Union by Rank — Mathematical Foundations and Complexity Theory¶
Table of Contents¶
- Formal Definition
- Correctness — Partition Invariant and the Rank-Height Bound
- The
O(log n)Height Bound for Union-by-Rank Alone - The
O(α(n))Combined Bound (Tarjan & van Leeuwen) - The Tight Lower Bound
Ω(α(n)) - Cache & Memory Layout
- Average-Case / Randomized Linking
- Space–Time Trade-offs: rank byte vs size int
- Comparison with Alternatives
- Open Problems
- Summary
1. Formal Definition¶
Let U = {0, 1, …, n−1} be a universe of elements. A disjoint-set forest maintains a partition of U into blocks, represented by a parent function parent : U → U. Each block is a rooted tree; x is a root iff parent(x) = x. Define
Definition 1.1 (Operations). - makeset(x): parent(x) := x. - find(x): return the root of x's tree. - union(x, y): let rx = find(x), ry = find(y); if rx ≠ ry, set parent of one root to the other (a link).
Definition 1.2 (Rank). Maintain rank : U → ℕ, with rank(x) := 0 at makeset. The union-by-rank link rule for distinct roots rx, ry:
if rank(rx) < rank(ry): parent(rx) := ry
elif rank(rx) > rank(ry): parent(ry) := rx
else: parent(ry) := rx; rank(rx) := rank(rx) + 1
Definition 1.3 (Size). Maintain size : U → ℕ₊, size(x) := 1 at makeset. The union-by-size link rule for distinct roots, with size(rx) ≥ size(ry) (swap otherwise):
Definition 1.4 (Path compression). During find(x), after locating the root r, set parent(z) := r for every z on the path from x to r. (Variants: path halving / path splitting set each parent(z) := parent(parent(z)).)
The standard optimized DSU uses Definition 1.2 (or 1.3) together with Definition 1.4.
Convention on rank under compression. Ranks are never decreased. After a compression, rank(x) may strictly exceed the true height of the subtree at x.
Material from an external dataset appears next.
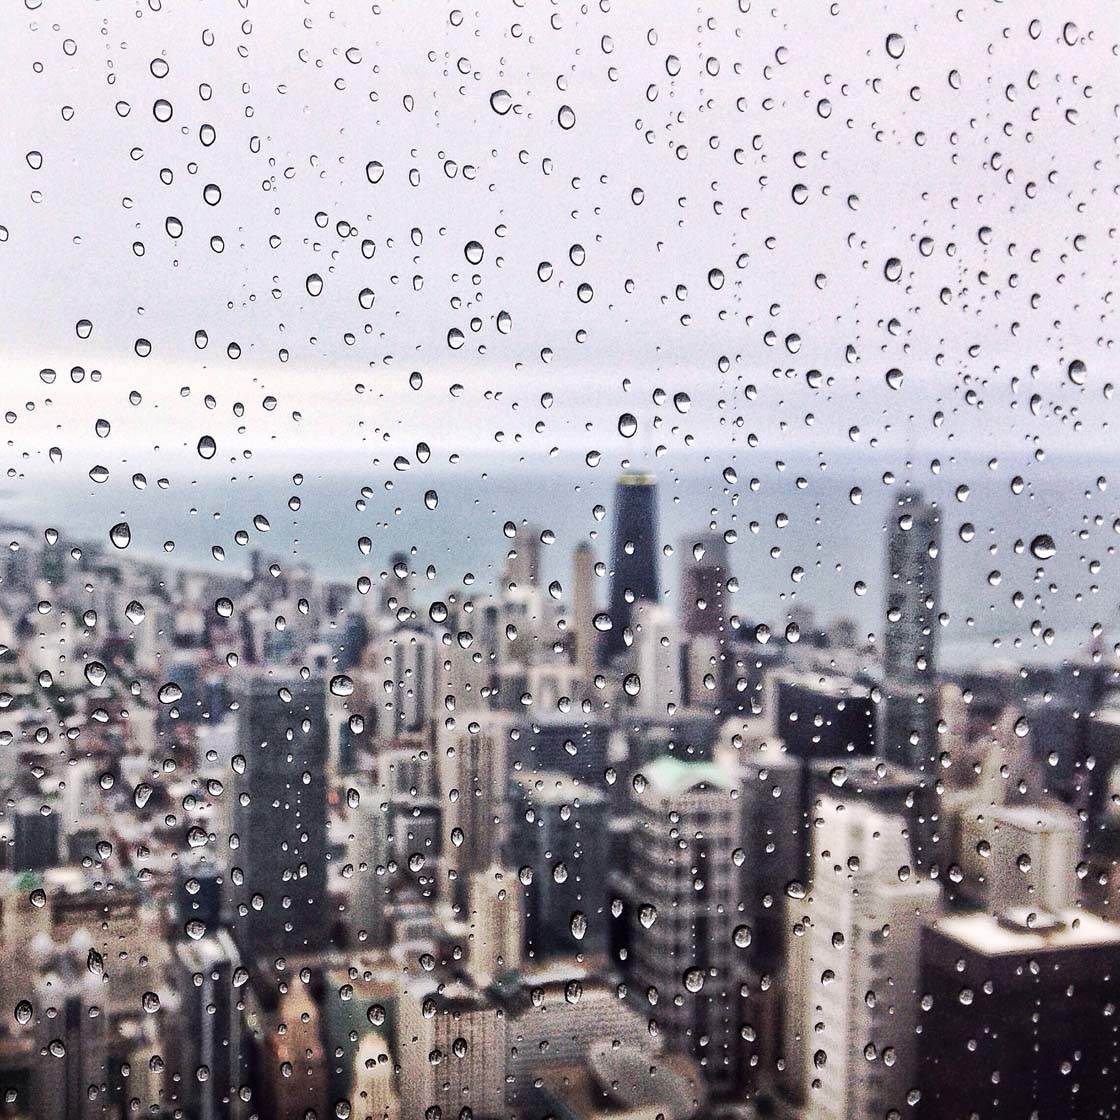 Fun Ways To Take Amazing iPhone Photo In The Rain

We henceforth treat rank as an abstract label satisfying the invariants of §2, not as the exact height.
2. Correctness — Partition Invariant and the Rank-Height Bound¶
2.1 Partition invariant¶
Invariant P. At all times the relation x ≡ y ⟺ find(x) = find(y) is an equivalence relation whose classes are exactly the maintained blocks.
Proof. makeset creates singleton classes (reflexive). find follows a functional parent chain in a finite forest with self-loops only at roots, so it terminates at a unique root; thus ≡ is well-defined and an equivalence relation (reflexive, symmetric, transitive via the shared root). union(x,y) links two roots, merging exactly the two classes of x and y and leaving all others untouched; a no-op when find(x)=find(y). Path compression re-points nodes to their existing root, so find values are unchanged and P is preserved. ∎
2.2 Rank monotonicity invariants¶
The following are maintained by union-by-rank with or without path compression. Let t index time.
Invariant R1 (root ranks only rise). For every element x, rank(x) is non-decreasing over time, and once x becomes a non-root it never becomes a root again, after which rank(x) is frozen.
Proof. rank is written only by the tie case of Def. 1.2, which increments. A node becomes a non-root only when linked under another root; the forest only ever adds links between roots, so a non-root stays a non-root, and its rank is never touched again. ∎
Invariant R2 (strict increase along parent edges). If parent(x) ≠ x then rank(parent(x)) > rank(x), and this strict inequality persists.
Proof. When x is linked under y it is because rank(y) ≥ rank(x); in the equal case rank(y) is then incremented, giving rank(y) > rank(x) at the moment of linking. By R1, rank(x) is frozen thereafter while rank(parent-side ancestors) can only rise, so the inequality persists. Path compression sets parent(x) to an ancestor of the old parent, which by transitivity of R2 has strictly larger rank than x; hence the inequality is preserved (indeed strengthened). ∎
Corollary 2.3 (Rank upper-bounds height). Along any root-to-leaf path, ranks strictly decrease by R2. Hence the height of a tree is at most the rank of its root. (Without compression this is tight up to the bound of §3; with compression heights can be far smaller, but the inequality height ≤ rank(root) still holds.) ∎
This corollary is why we never repair ranks: every analysis below needs only R1, R2, and the counting bound of §3 — all of which survive compression untouched.
3. The O(log n) Height Bound for Union-by-Rank Alone¶
We bound rank, hence height, in the compression-free forest.
Lemma 3.1 (Subtree-size lower bound). In a union-by-rank forest without path compression, any node x with rank(x) = r is the root of a subtree containing at least 2^r nodes.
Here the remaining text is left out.